Itulah mengapa pemerintah menerapkan aturan wajib pasok kebutuhan dalam negeri (domestic market obligation) baik untuk batubara maupun minyak sawit mentah. Sayangnya, keduanya gagal meregulasi pasar.
Kewajiban memenuhi pasokan batubara sebesar 25 persen dari total produksi sebagaimana diatur dalam Keputusan Menteri Energi dan Sumber Daya Mineral Nomor 22.K/30/MEM/2020 hanya berumur 11 hari. Sementara itu, Menteri Perdagangan juga akhirnya mencabut kebijakan wajib pasok kebutuhan dalam negeri serta penetapan harga minyak sawit pada Rabu (16/3/2022).
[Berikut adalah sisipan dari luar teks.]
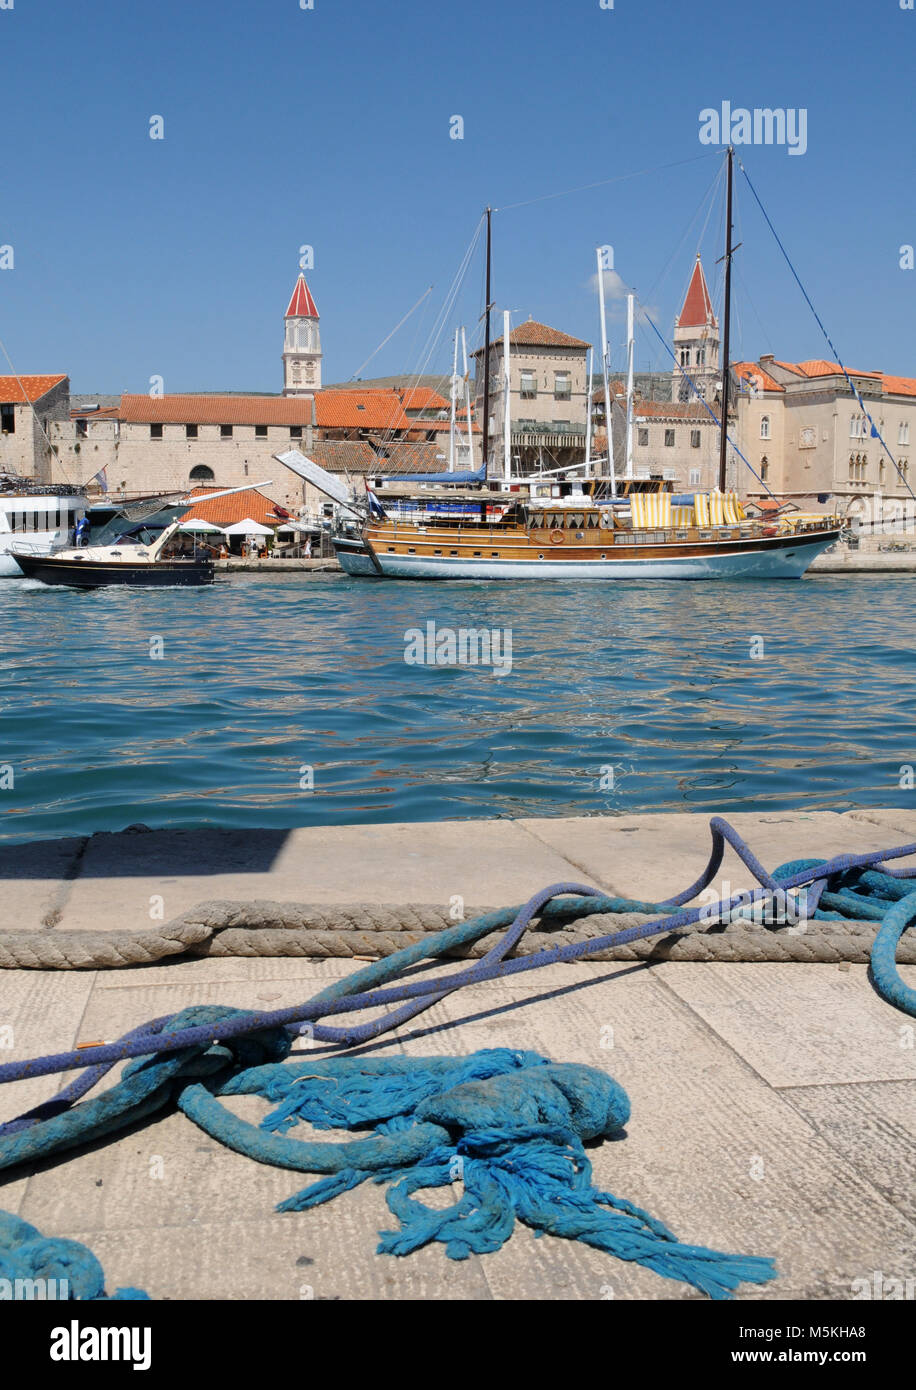 Trogir, Croatia. Sunny promenade along the pier of old Venetian town, Dalmatian Coast in Croatia. Stock Photo

Pencabutan dua aturan ini akan diganti dengan kenaikan pungutan ekspor dan bea keluar agar pengusaha lebih tertarik menjual CPO ke dalam negeri.
Penerapan dua aturan sekaligus, yaitu pembatasan ekspor dan penerapan harga eceran tertinggi, membuat barang tidak tersedia di pasar. Minyak goreng sempat hilang dari peredaran. Operasi pasar tak mampu membuat kebutuhan domestik tercukupi, sekaligus menandakan pasokan yang merosot tajam. Dari sana muncul tuduhan permainan kartel minyak goreng.
Struktur minyak goreng memang cenderung dikuasai oleh segelintir pelaku usaha. Empat pengusaha menguasai lebih dari 40 persen pangsa pasar minyak goreng sehingga pasokan dan harga bisa dikendalikan oleh segelintir pelaku. Meski begitu, pemerintah memiliki instrumen kebijakan berikut otoritas untuk meregulasi mekanisme pasar. Pada prinsipnya mekanisme pasar tidak bisa dilawan, tetapi bisa dikelola dengan berbagai insentif. Kerangka inilah yang digunakan guna mengendalikan pasar minyak goreng.
Pemerintah memiliki instrumen kebijakan berikut otoritas untuk meregulasi mekanisme pasar. Pada prinsipnya mekanisme pasar tidak bisa dilawan, tetapi bisa dikelola dengan berbagai insentif.
Persoalannya, rancangan kebijakan dalam meregulasi pasar harus dijalankan sampai ke level teknis, seperti kepastian serta pengendalian pasokan. Dalam hal sembilan bahan pokok sebagaimana diatur dalam Peraturan Presiden Nomor 66 Tahun 2021, pengelolaan pasokannya bisa dikendalikan melalui Badan Pangan Nasional. Bagaimana dengan komoditas lain di luar bahan pokok, seperti minyak goreng ini?
Meregulasi pasar, selain perlu instrumen berupa insentif (seperti pemberian subsidi), juga perlu sistem kelembagaan yang mampu menertibkan perilaku para pelaku pasar. Setelah kebijakan diambil, koordinasi serta pemantauan di lapangan menjadi kunci.
Krisis telah menjadi ujian paling nyata dari kualitas regulasi. Semakin besar krisis, semakin nyata juga tuntutan perubahan regulasi.
Terbitnya enam aturan Kementrian Perdagangan menunjukkan diskrepansi dari fase perencanaan kebijakan, implementasi, ataupun penindakan terhadap penyimpangan. Krisis telah menjadi ujian paling nyata dari kualitas regulasi. Semakin besar krisis, semakin nyata juga tuntutan perubahan regulasi. Pemerintah tak harus menunggu krisis lebih besar lagi guna melakukan perbaikan nyata dalam berbagai regulasi pasar di masa depan.
Krisis Ukraina tampaknya akan mengubah arah jalannya perekonomian global. Berbagai macam krisis, seperti dalam komoditas pangan, diperkirakan akan terus terjadi. Menghadapi perubahan situasi ini, pemerintah perlu meningkatkan kemampuan melakukan koordinasi dan komunikasi yang efektif dengan para pelaku pasar agar mampu meregulasi pasar jika memang diperlukan. Ini demi melindungi kepentingan domestik, seperti ketersediaan pangan di masa depan.